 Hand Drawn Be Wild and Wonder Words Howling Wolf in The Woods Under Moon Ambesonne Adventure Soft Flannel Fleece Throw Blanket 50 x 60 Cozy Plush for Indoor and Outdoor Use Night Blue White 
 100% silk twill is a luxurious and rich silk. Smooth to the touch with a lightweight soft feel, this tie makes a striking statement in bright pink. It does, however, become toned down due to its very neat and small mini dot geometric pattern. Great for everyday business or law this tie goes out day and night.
--------
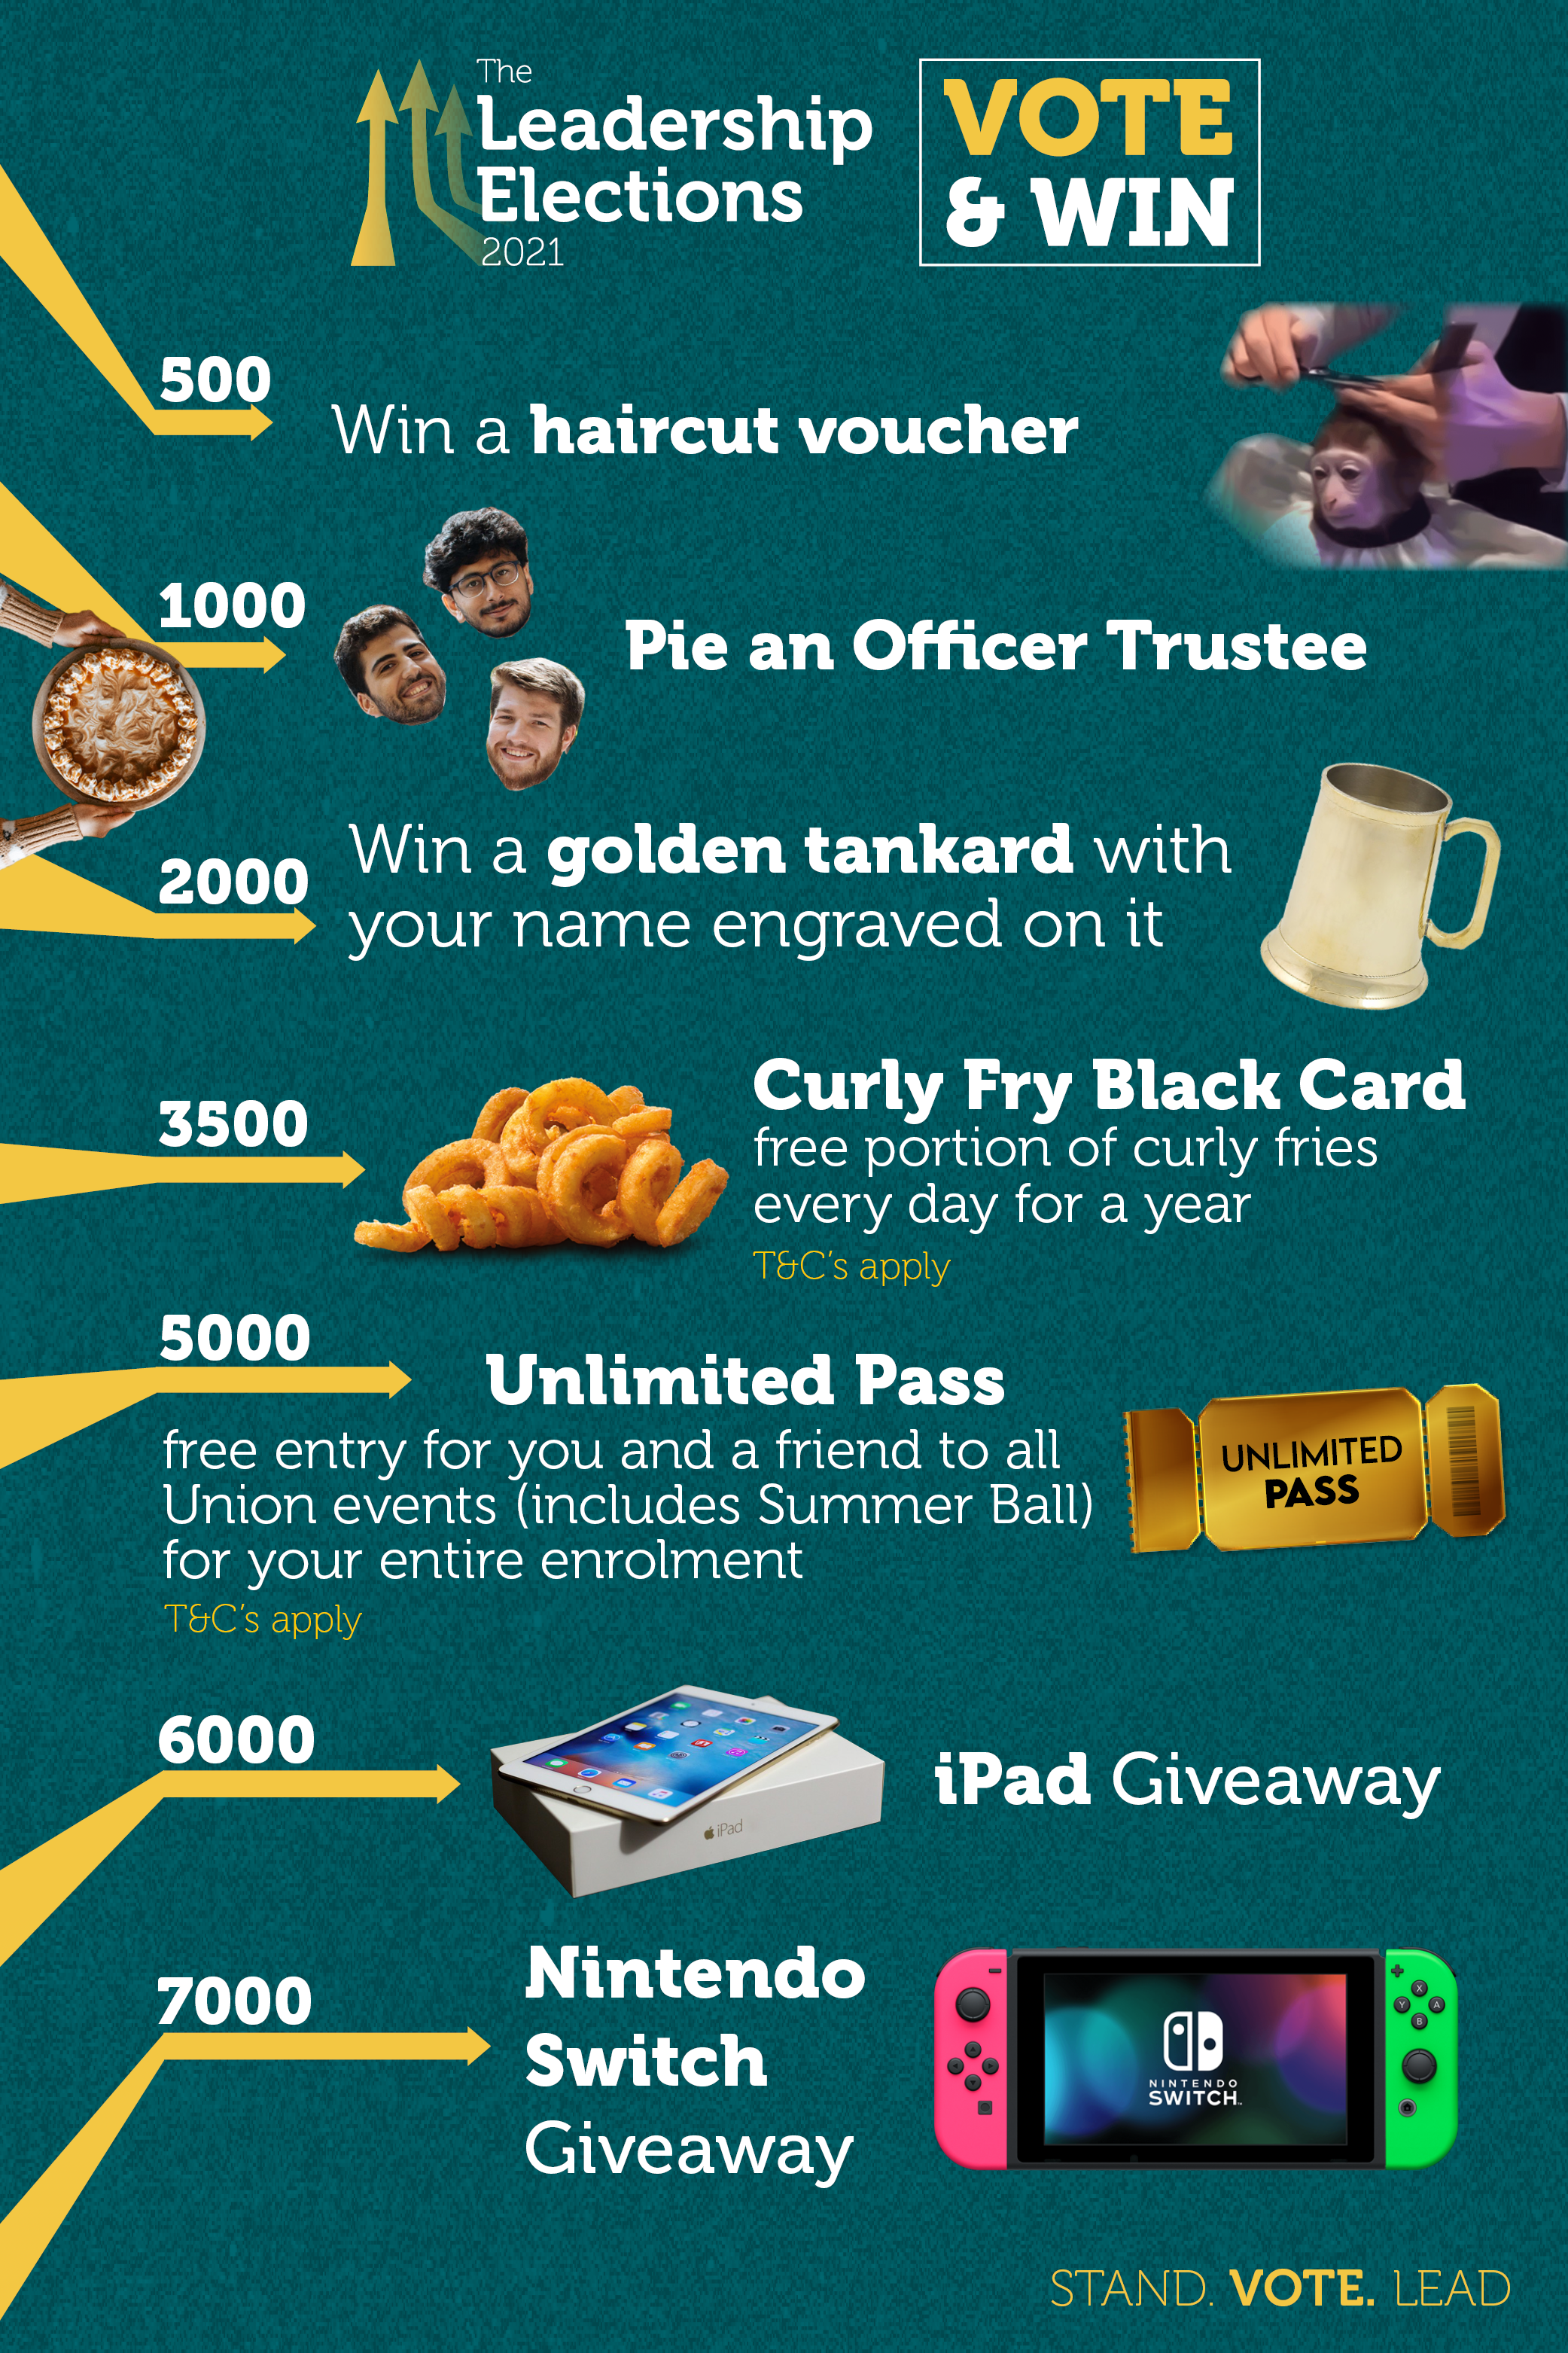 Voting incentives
--------
• **ACTIVITY**:
What you give back must be the stretch above, starting at the line with "Hand Drawn Be" and ending at the line with "100% silk twill", copied exactly.

• **RESPONSE FOR THIS EXERCISE**:
 Hand Drawn Be Wild and Wonder Words Howling Wolf in The Woods Under Moon Ambesonne Adventure Soft Flannel Fleece Throw Blanket 50 x 60 Cozy Plush for Indoor and Outdoor Use Night Blue White 
 100% silk twill is a luxurious and rich silk. Smooth to the touch with a lightweight soft feel, this tie makes a striking statement in bright pink. It does, however, become toned down due to its very neat and small mini dot geometric pattern. Great for everyday business or law this tie goes out day and night.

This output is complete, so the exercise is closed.